An unexpected blessing of elderhood (I prefer that to “old age”) is the joy of perspective!
Yes, elderhood (lovely word!) confers huge benefits--and a sense of history is one of them. I'm amazed by what my grands and great-grands don't know about the history of the country they live in. But I knew very little about the 2-3 decades before 1940--until I began to write about those years.
You're fortunate to live in a community that supports lifelong learning. Bill and I live in an isolated situation--love the countryside, cherish the privacy, and am enormously grateful for the privilege of being part of several online communities of lifelong learners.
I am one of the readers who read the entire Cottage Tales as they came out, in order of their appearance. I loved Beatrix and commiserated with her as she struggled with independence from her parents and the mores of Victorian England. I cheered every tiny gain that allowed her to ultimately become the woman she wanted to be. She was a visionary of conservation and I am so grateful that she realized how important the land, animals and people of the Lakes District were. We owe her a huge debt of thanks. And I thank you for writing about her life. I spent hours looking up photo's of her, Will and the farms of Near Sawrey and reading every detail I could find about her and her work.
Gayle, what a joy to hear you say that the books prompted you to dig more deeply into this fascinating woman! I'm a great fan of books that don't just entertain me or fill an empty few hours--but lead me to other books that take me to other books and so on. I'm glad to know that the Cottage Tales worked that way for you!
I love this series! And Lear’s biography, which I read after I read the Cottage Tales. I find what Beatrix accomplished in her later years to be so interesting, between sheep breeding and farmland conservation. I had the opportunity to visit the Lake District and Hilltop farm last April! It was cold and snowy, so perhaps not at its best, but still very worth the trip!! I think I should reread the series to escape from the news, which is so depressing!

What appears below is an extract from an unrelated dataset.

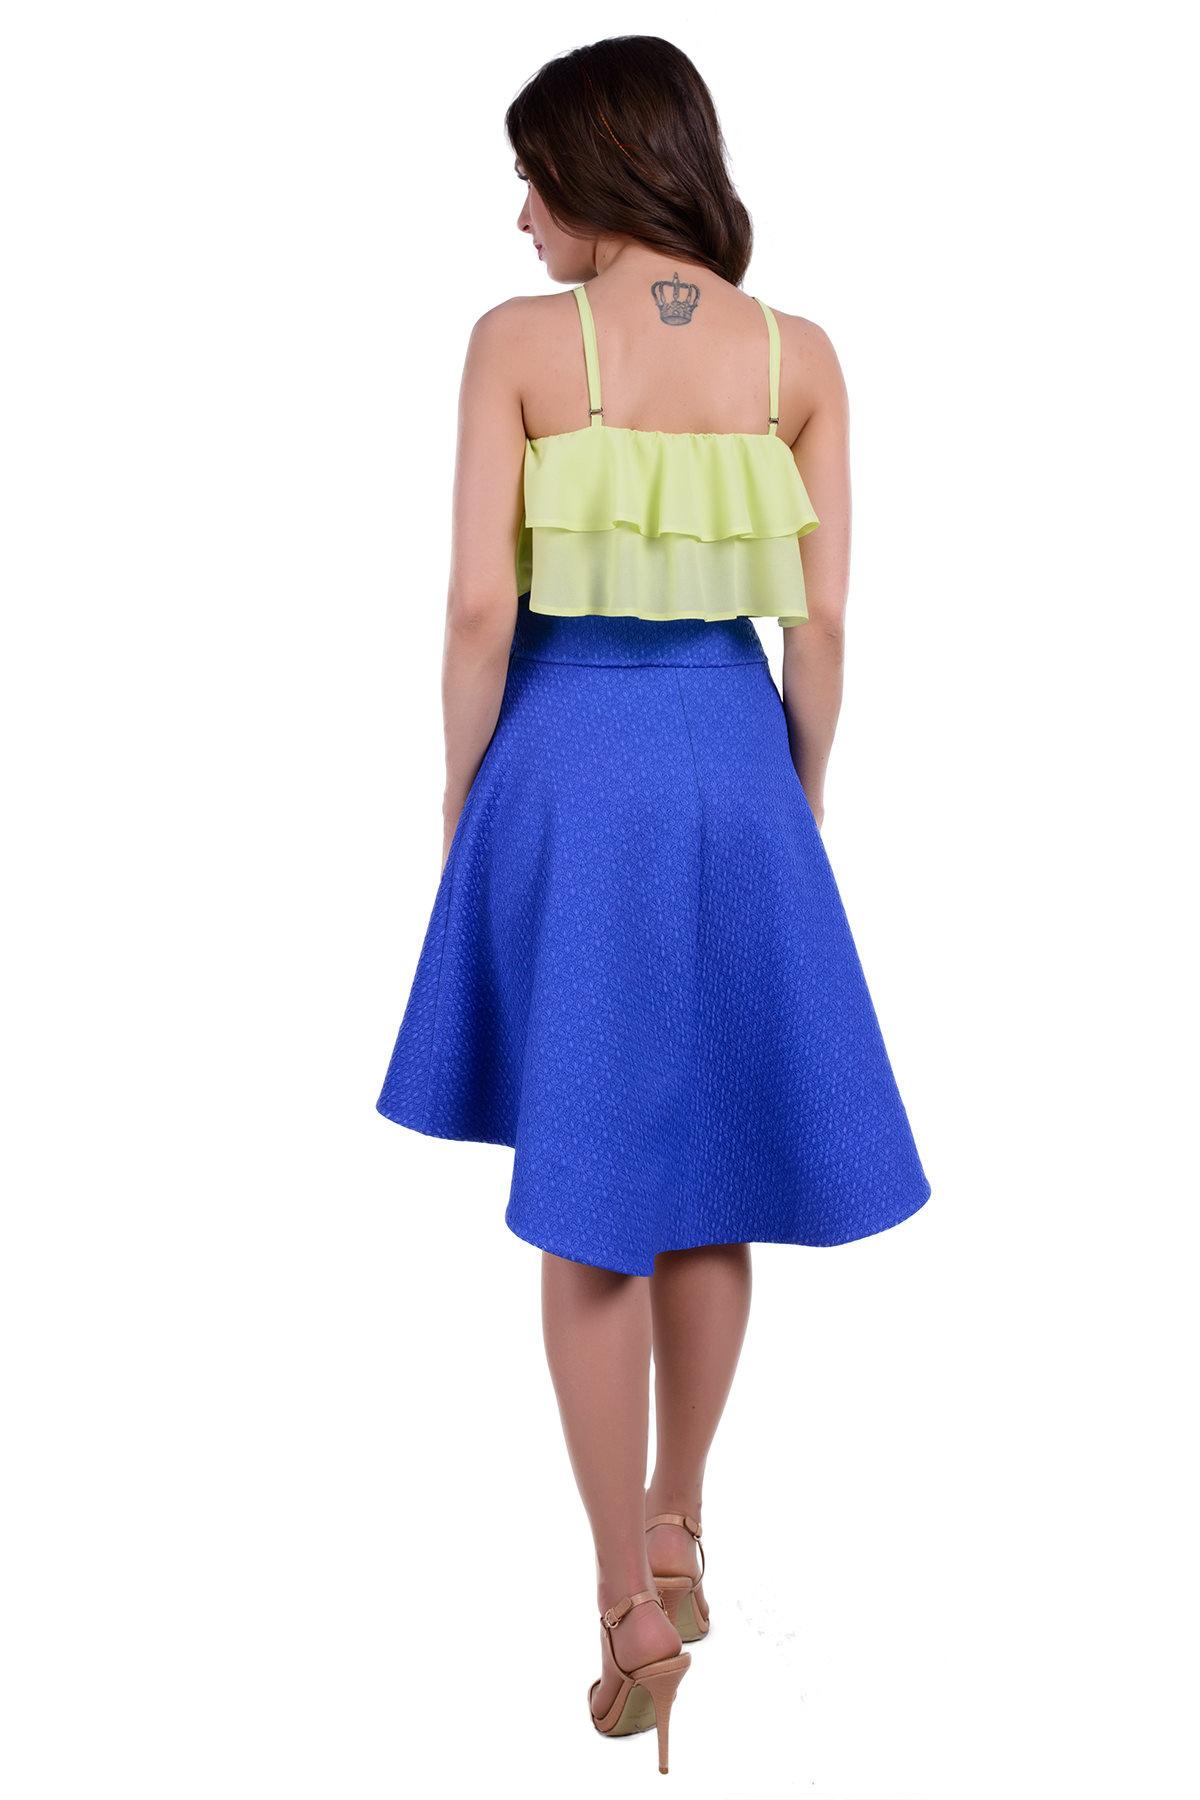 Платье Рио 285 Цвет: Лайм / электрик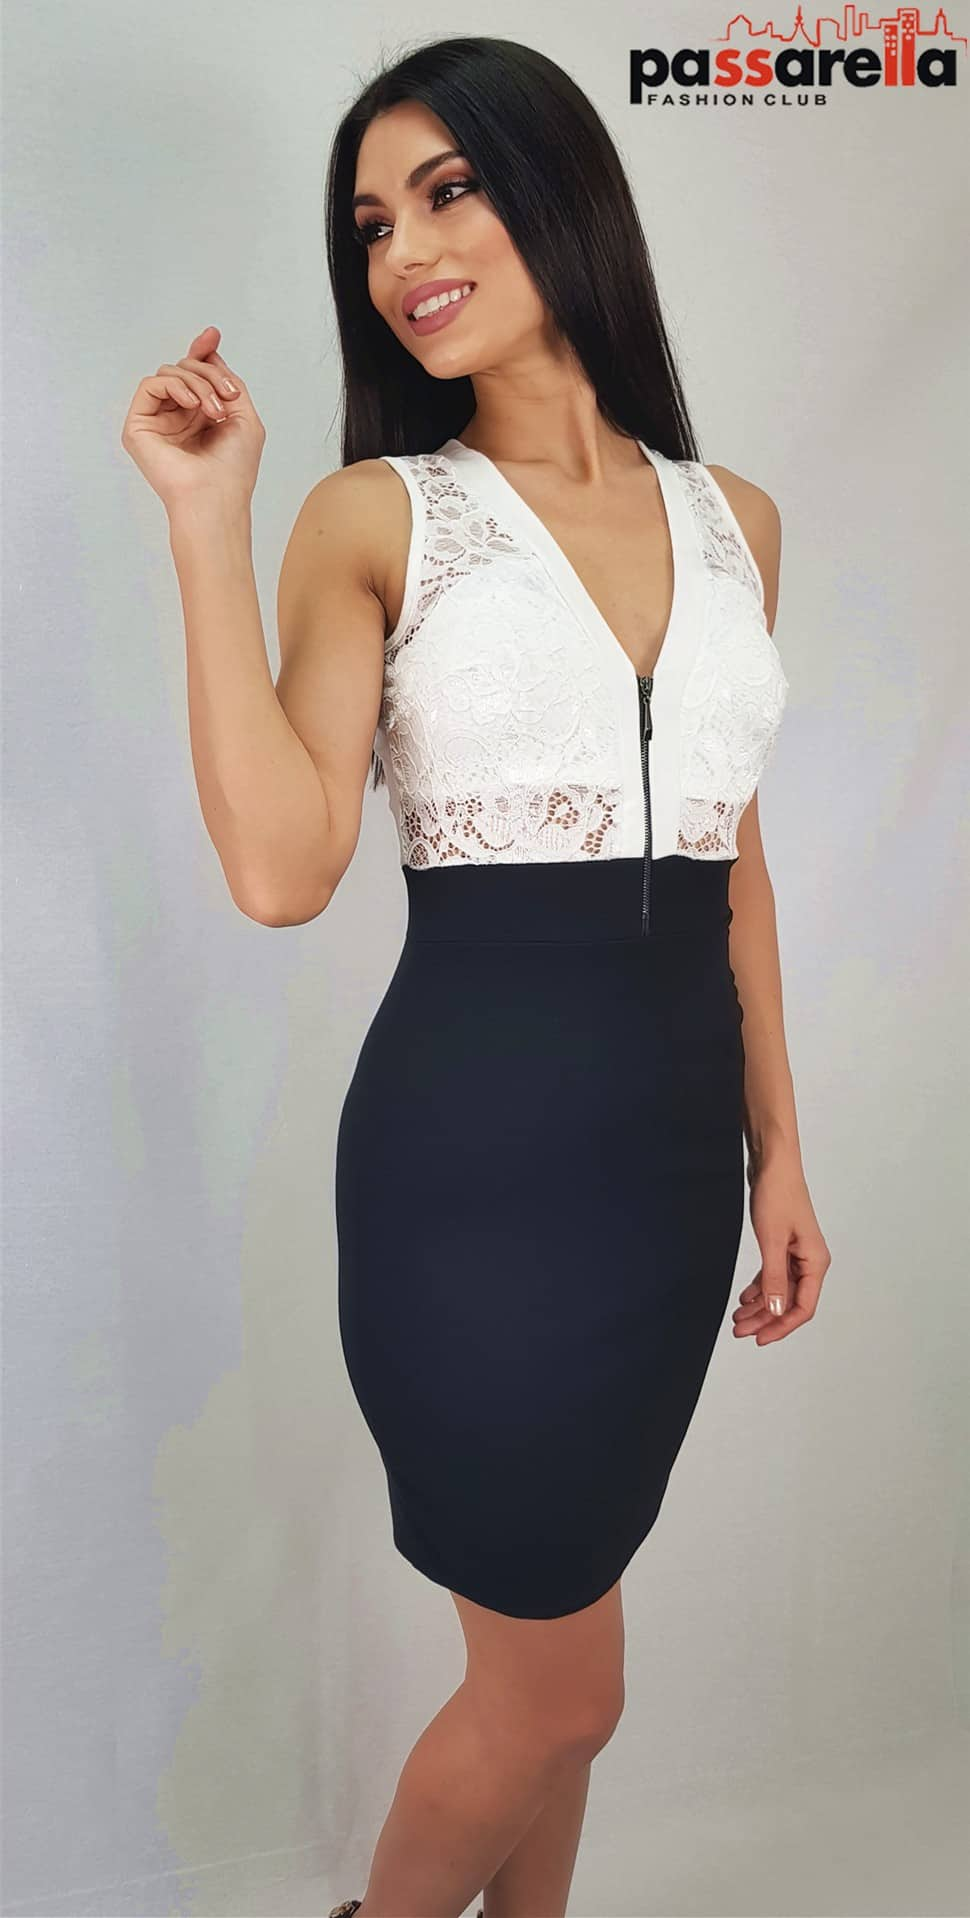 cb3951ae46a7 Φόρεμα ΜίνιDB004 - Passarella fashion club - eshop

Oh, Kathleen, I'm so GLAD to know that you visited, even in the snow! (Which Beatrix loved, in spite of the extra work.) Also, you got a chance to feel just how cold a British April can be--in spite of the green grass and lovely lambs. 😊
Lear's work is so important because it lays out in wonderful detail (and great documentation, too) the later chapters of her life. I'm planning to reread it, now that I"ve finished my reread of the Cottage Tales.
Love The Cottage Tales and delighted to read more about your process. I admire and enjoy all of your series. I do so love to read a series, finishing one book and knowing more are ahead.
That series, for me, had such a clear beginning (her loss of Norman) and a clear and very satisfactory ending, with her marriage to Will. It represents a complete chapter in the life of a Victorian woman who was just beginning to recognize her real life's mission: conserving the land and preserving a way of life. As a writer, I very much appreciated the clear shape that series offered.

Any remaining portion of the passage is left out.